Task objective => Beginning with the line that contains "Alícia Giménez Bartlett" in the material below, print each line exactly until the line that contains "Villa de 3 dormitorios" has been printed, then stop.

**** Material for the task ****

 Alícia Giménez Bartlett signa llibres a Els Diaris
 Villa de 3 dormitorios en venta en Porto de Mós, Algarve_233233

****
**** Material for the task ****

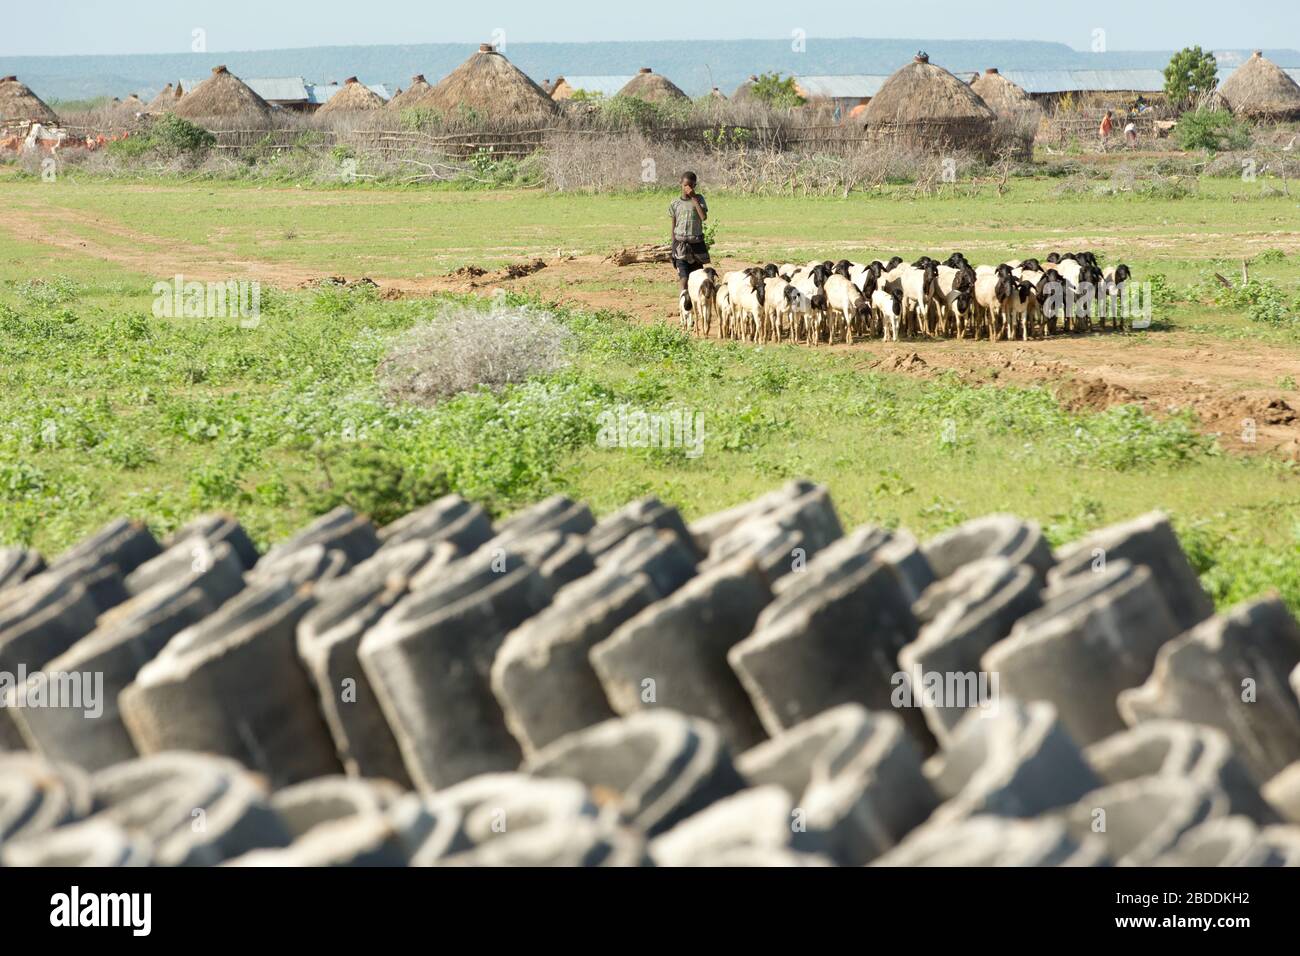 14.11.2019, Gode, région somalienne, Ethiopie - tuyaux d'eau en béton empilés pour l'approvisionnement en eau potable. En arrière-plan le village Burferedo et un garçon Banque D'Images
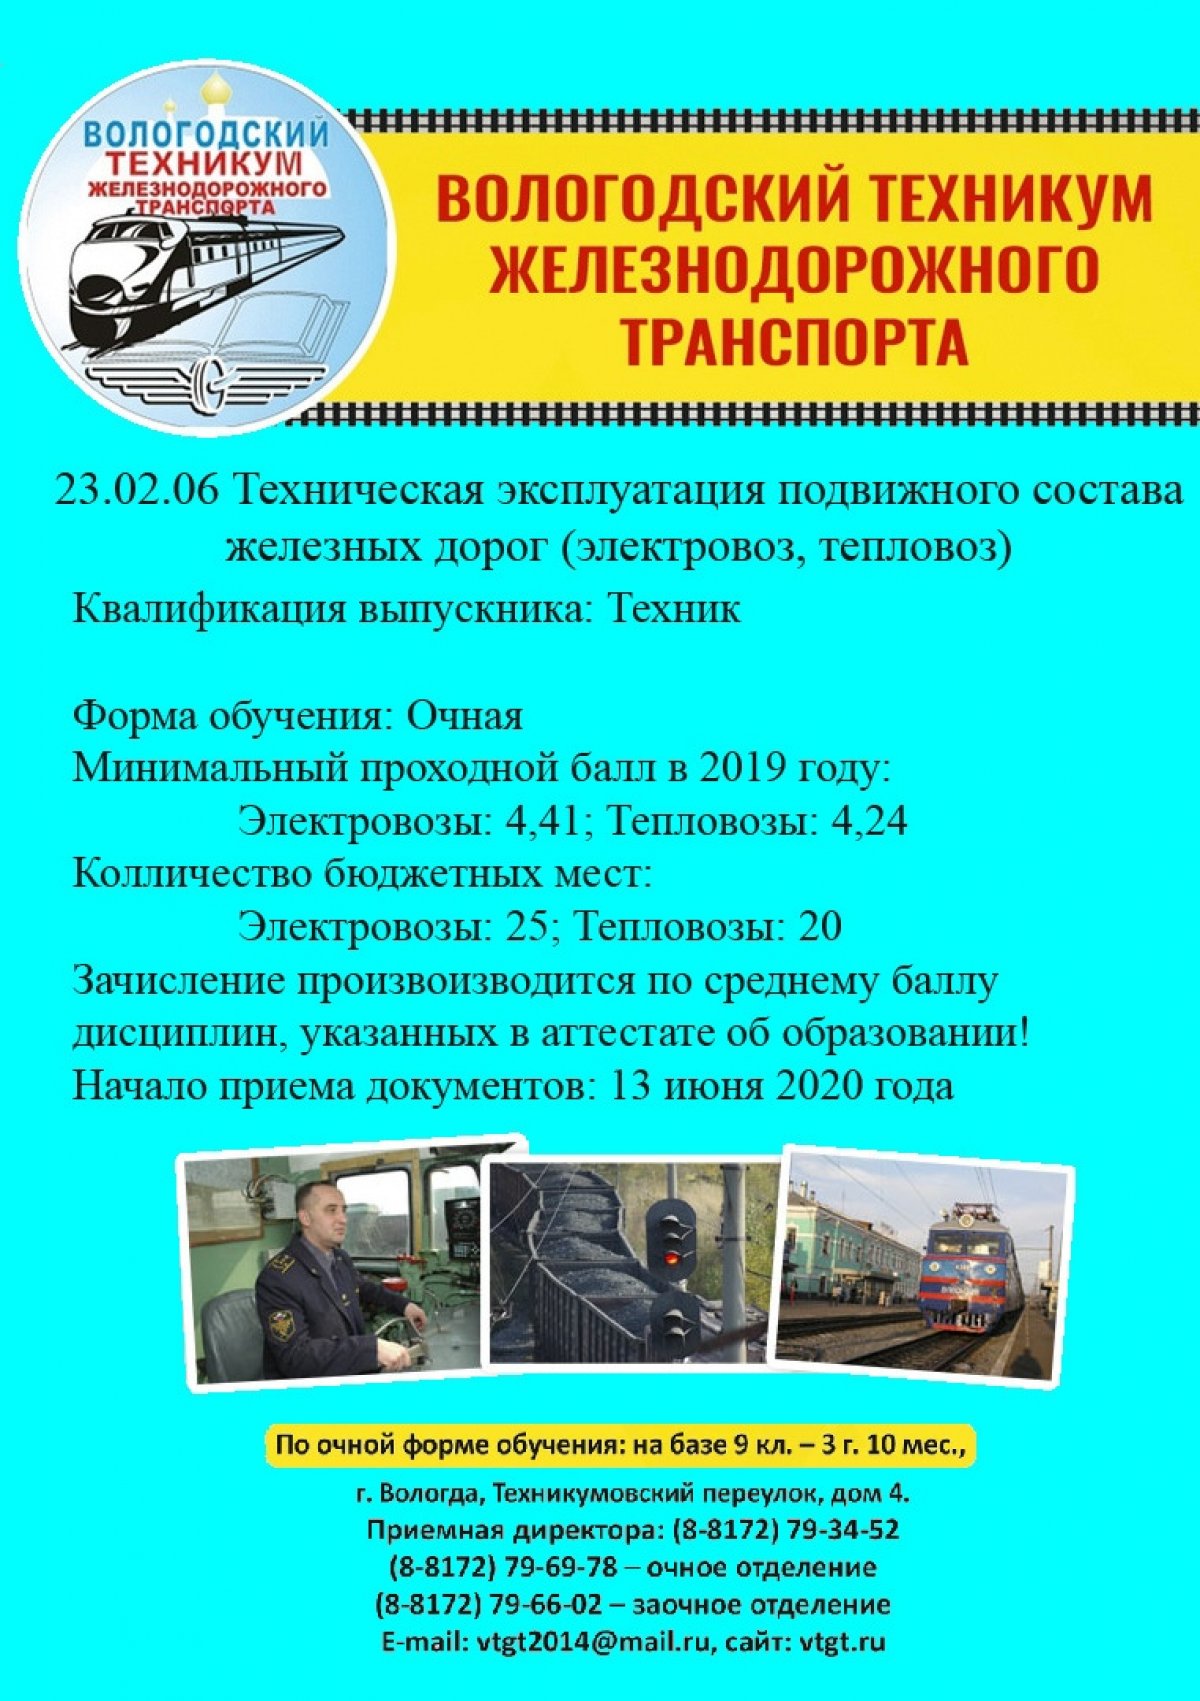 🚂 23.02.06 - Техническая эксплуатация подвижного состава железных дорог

****
**** Material for the task ****

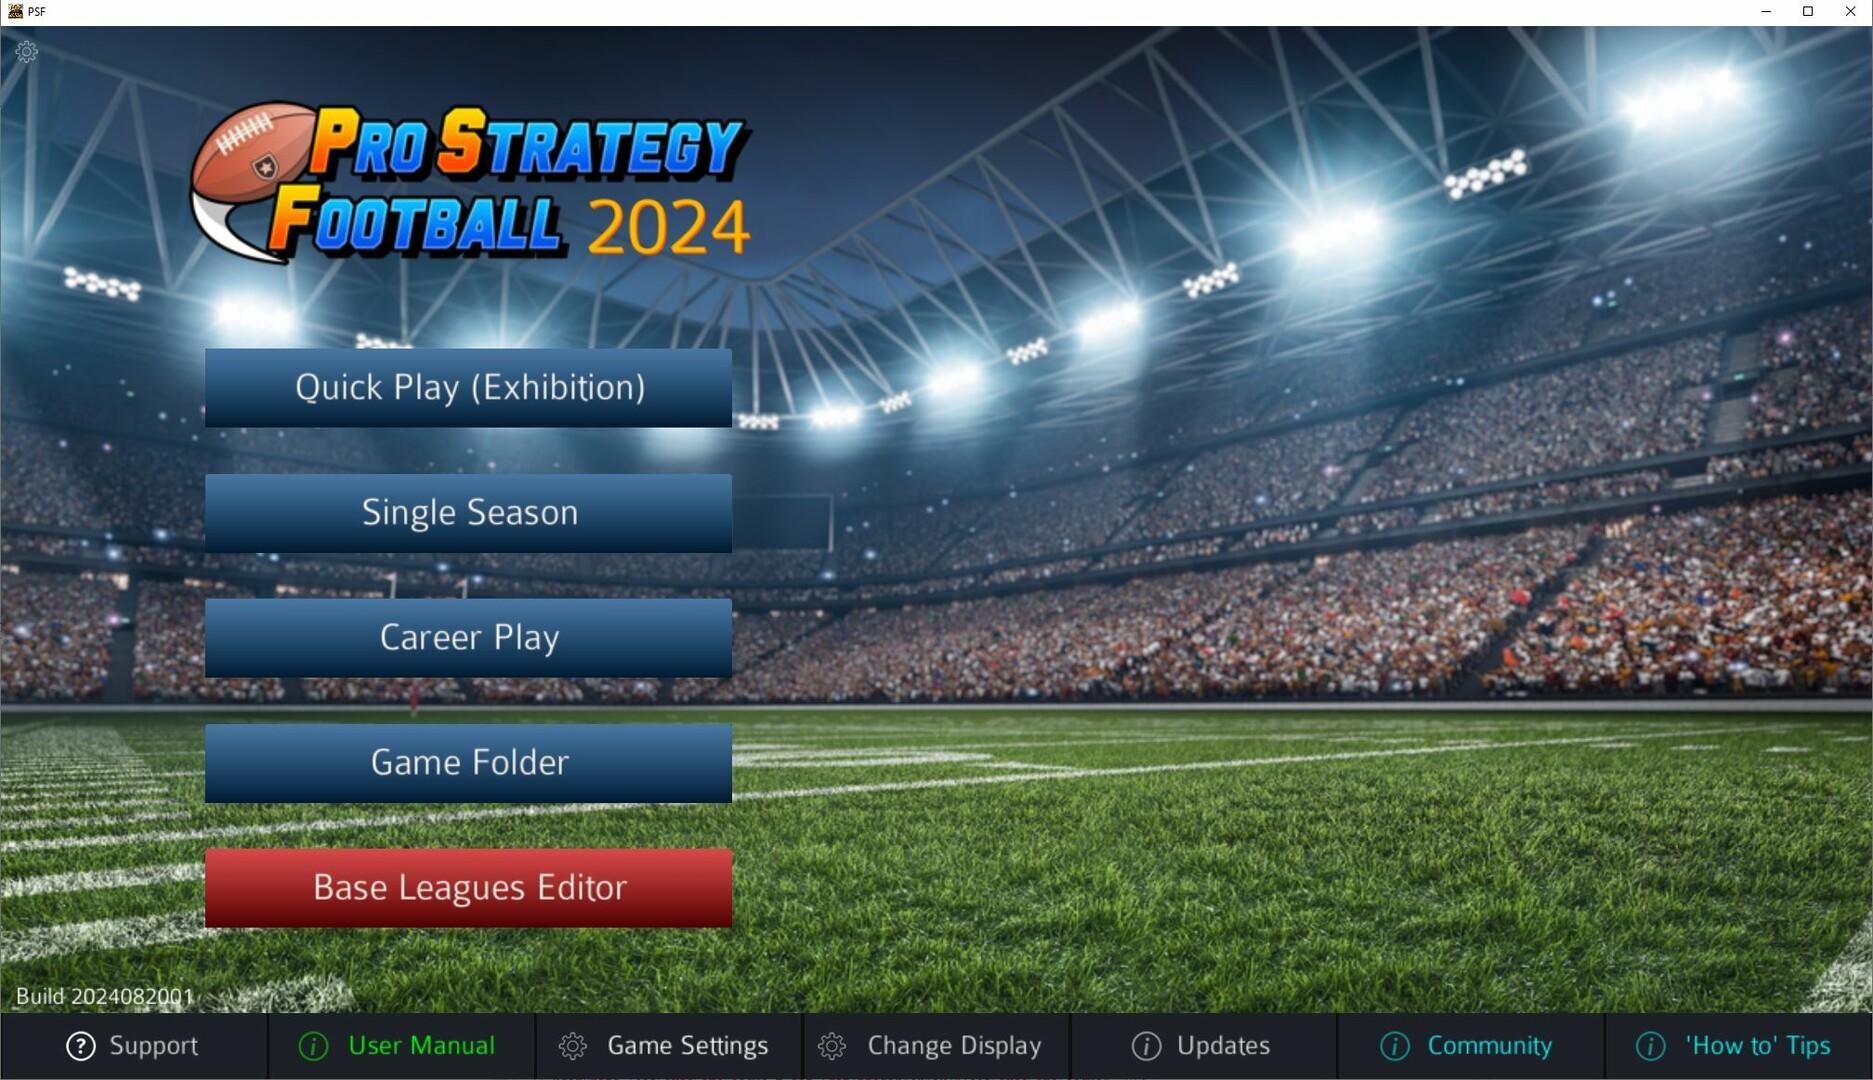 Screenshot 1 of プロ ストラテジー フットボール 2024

****

Task result =>
 Alícia Giménez Bartlett signa llibres a Els Diaris
 Villa de 3 dormitorios en venta en Porto de Mós, Algarve_233233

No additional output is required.